Darcy James Argue’s Secret Society, Infernal Machines
Brittelle: Judd, Sarah and I went to hear Darcy play at [New York City venue (Le) Poisson Rouge] and were totally blown away – Sarah and I were trying to play it cool after the show but ended up gushing and basically asking Darcy if we could put out his record. This is literally one of my favorite jazz albums of all time. I think it’s unique in the sense that the record doesn’t try to simply capture the spirit of live performance – the production value is really high, and it ends up sounding more like a rock record. The guitars and drums really kick, the bass is really present. A great road trip record.

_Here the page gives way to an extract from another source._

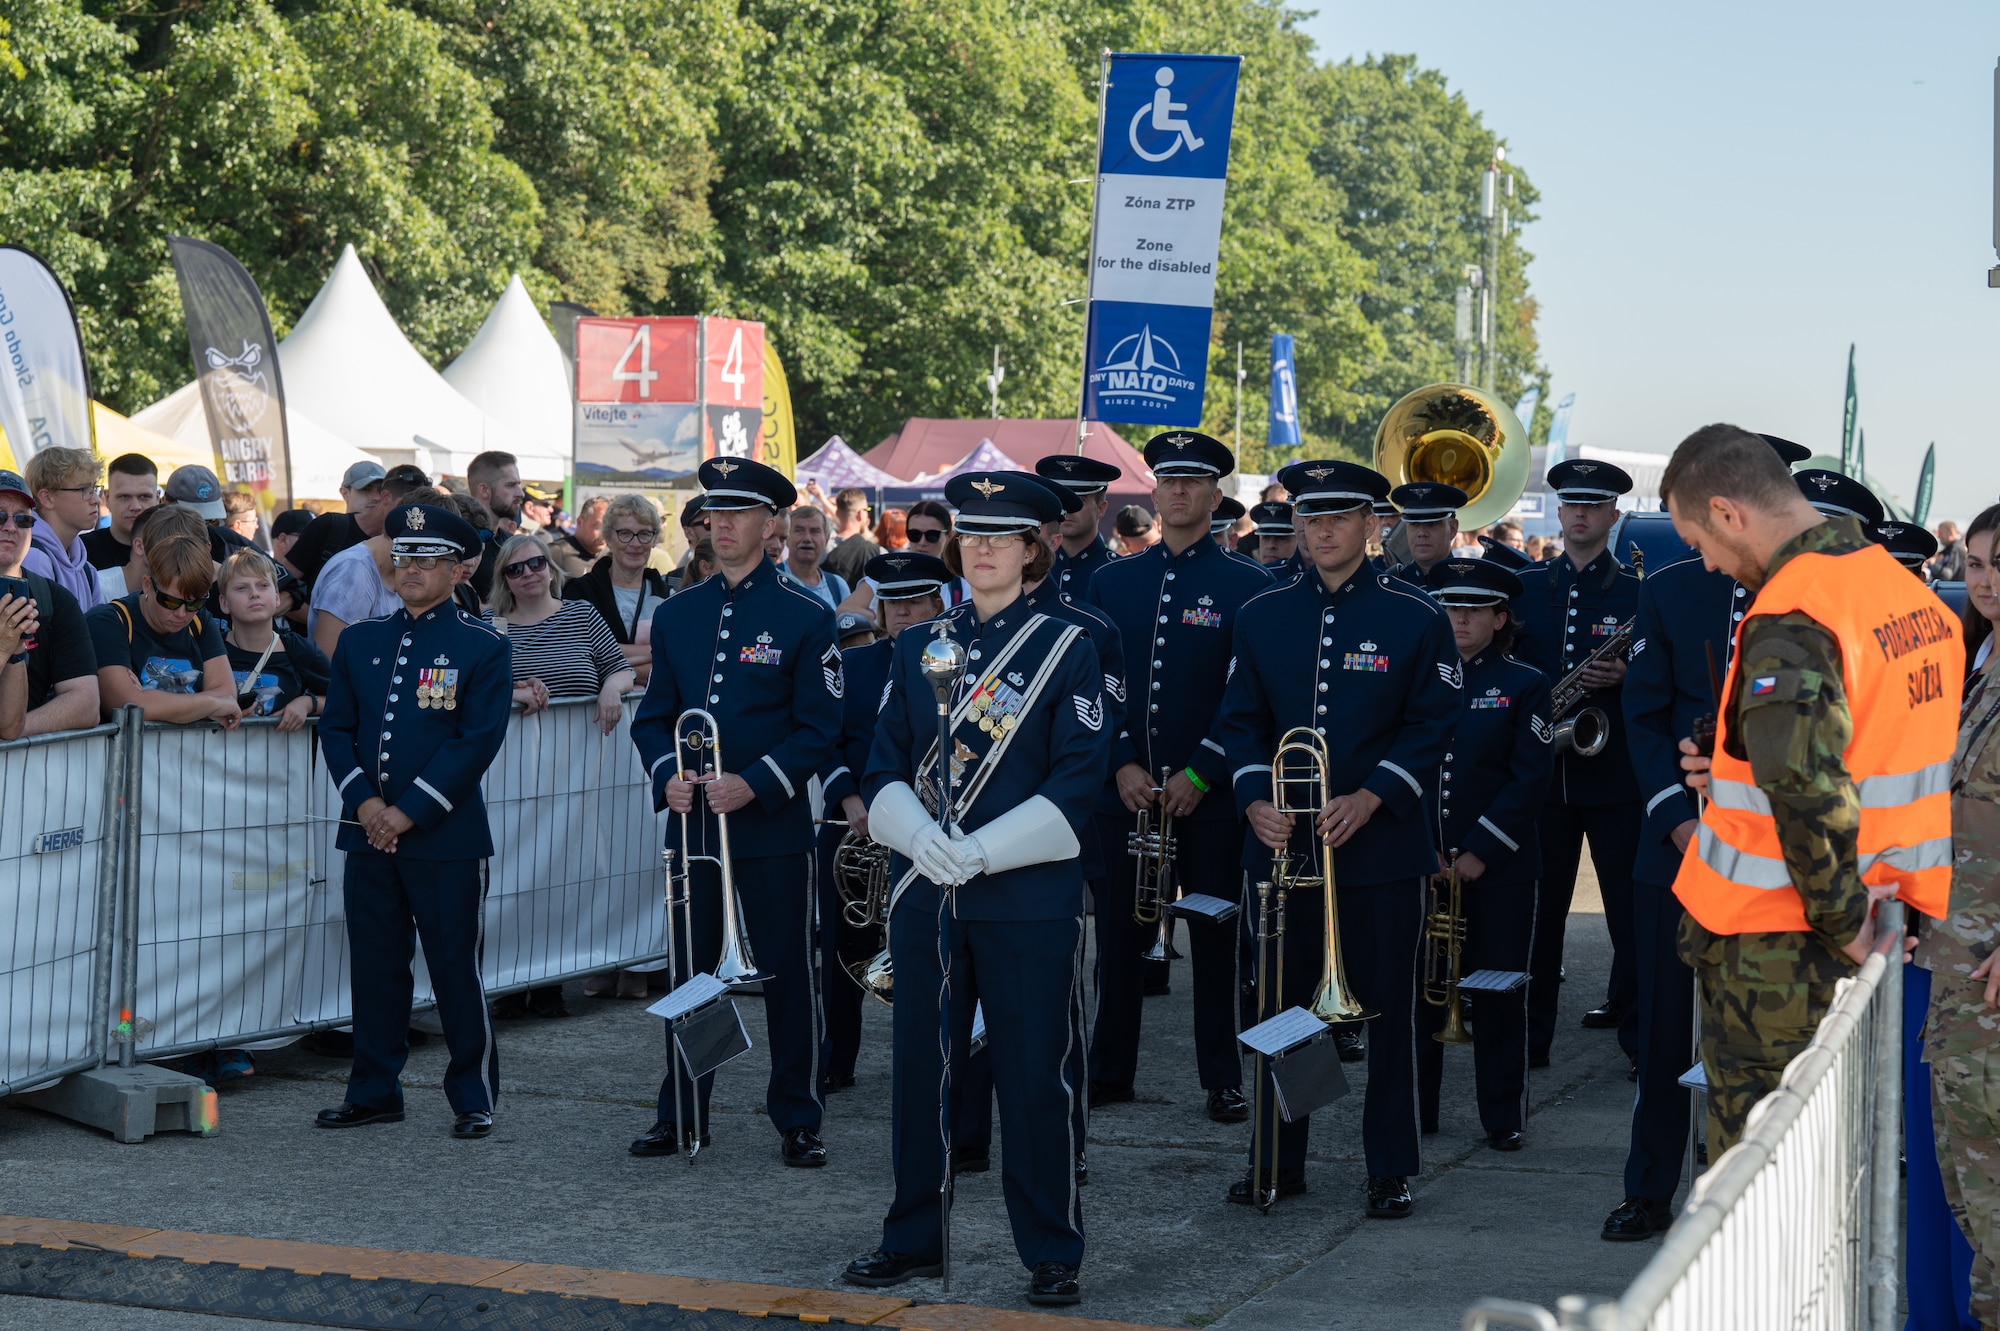 U.S. Air Force Airmen assigned to the U.S. Air Forces in Europe Ceremonial Band, prepare to march during the opening ceremony of the NATO Days event at Leoš Janáček Airport in Ostrava, Czech Republic, Sept. 16, 2023.
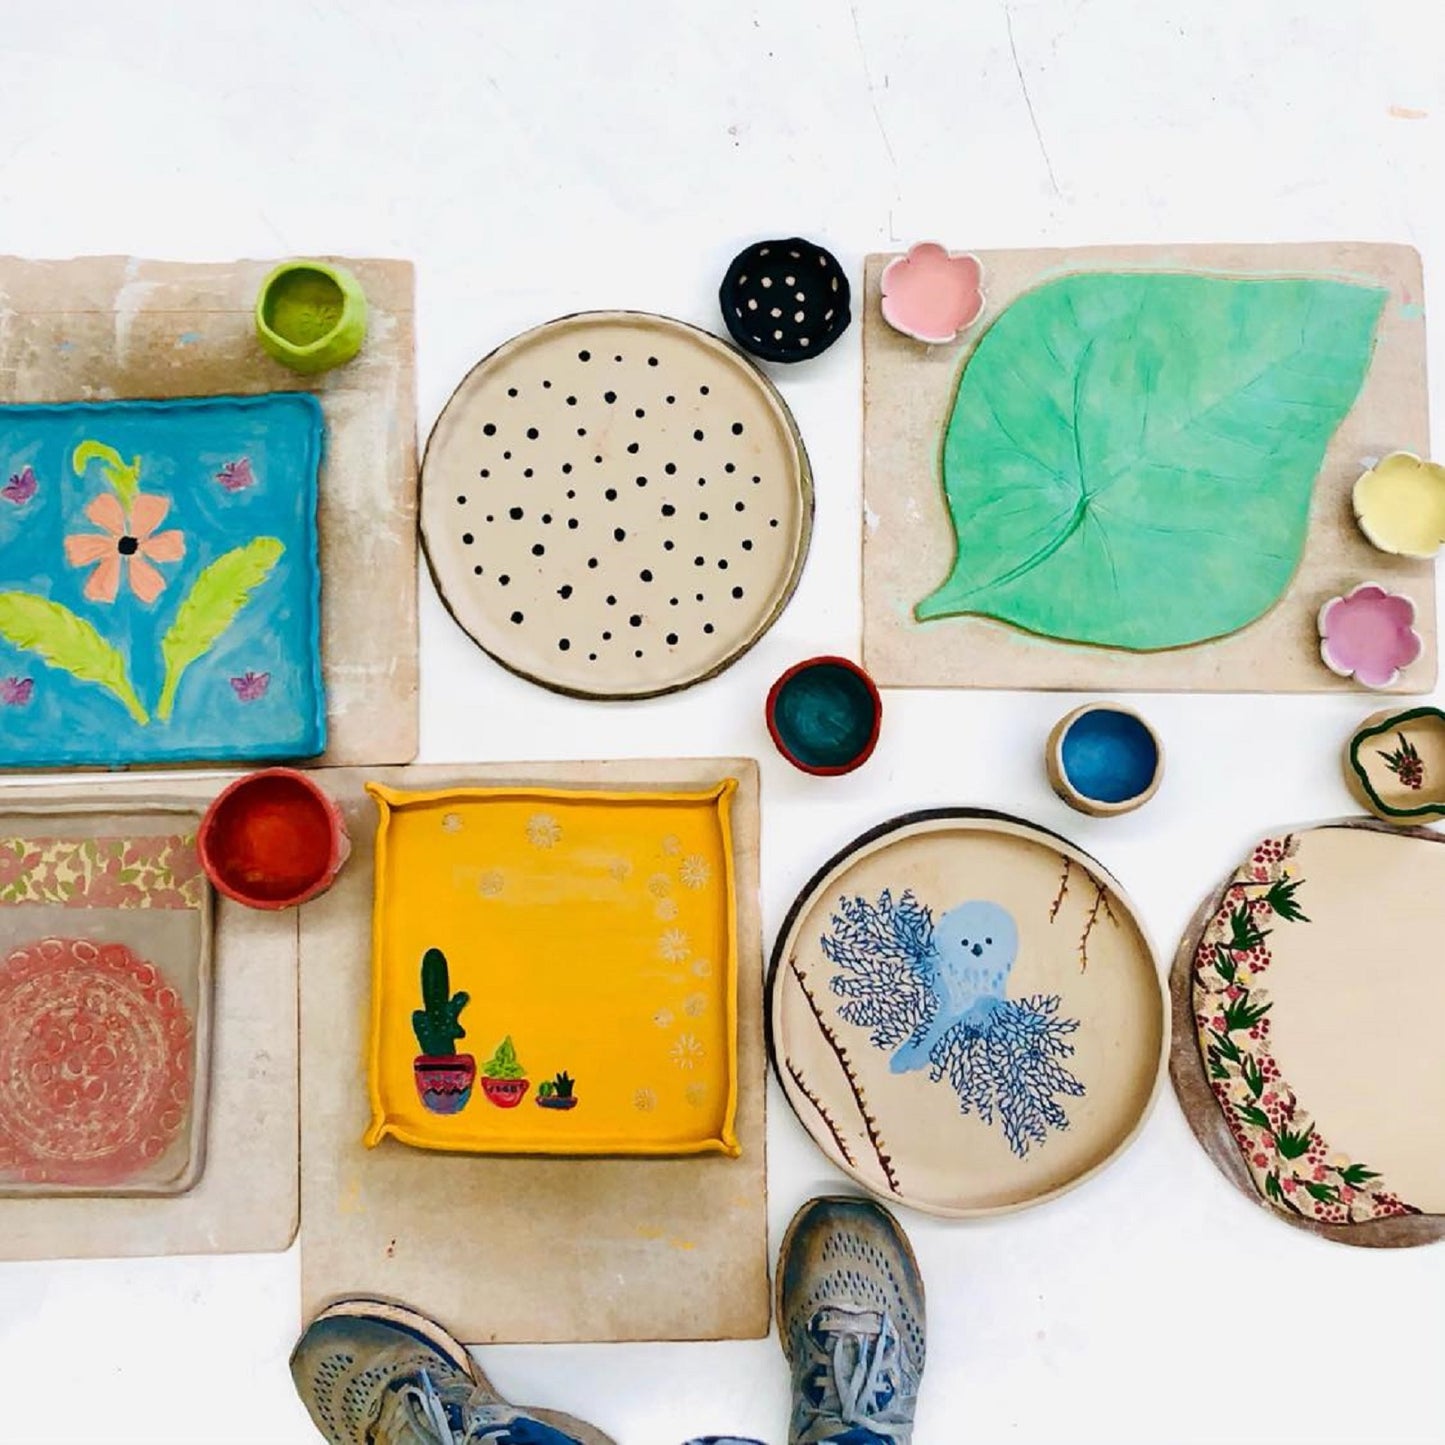 Create you own hand built Pottery Platter and Dip Bowl -  Sunday 3rd March 10am -12

Snider: Ha, yeah I definitely failed at playing it cool. Darcy’s music blew me away. And I’m actually not a huge jazz person, which is how I knew I loved it. What struck me most about his music was that it seemed to be about mood rather than style. He paints moods so precisely, using whatever tools he has at his disposal – and he wields those tools so outrageously well that whatever they are, whatever world they’re from, becomes irrelevant. His music is epic and grand and so brilliantly crafted. I love that he doesn’t pose any questions without answering them. He sets you up for big expectations, and then he totally delivers. That is so rare.
Corey Dargel, Someone Will Take Care of Me
Brittelle: Corey’s previous record, Other People’s Love Songs, was a kind of indie classical electro masterpiece. With SWTCM, Corey moved back to working with acoustic instruments, the result is just as catchy, and draws a connection to the chamber music and art song traditions. Corey’s voice is gorgeous. It provides a unique and appropriate vessel for delivering Corey’s twisted tales of love and sickness.
Snider: Every time I listen to Corey’s music I find myself saying, “How the hell does he think of this shit?” It sounds like pop music, but wait, it’s totally not, what are these weird asymmetrical phrases and beat patterns and how does he make them palatable and memorable so you don’t realize you’re singing along to incredibly complicated music? It’s sophisticated, brainy art music in earworm’s clothing. Every time I listen I hear something new in the craft and orchestration that makes me marvel. But I really like that he doesn’t let his smarts get the best of him. There is snark, yes, but there is also heart-rending sincerity, both lyrically and musically, and it’ll appear on a dime, where a sudden chord change will reveal the excruciating sadness in what you first think is just a really funny line. I love so many songs on this double album, but one that always takes me by surprise is “Everybody Says I’m Beautiful” – the empathy and sweetness really get me.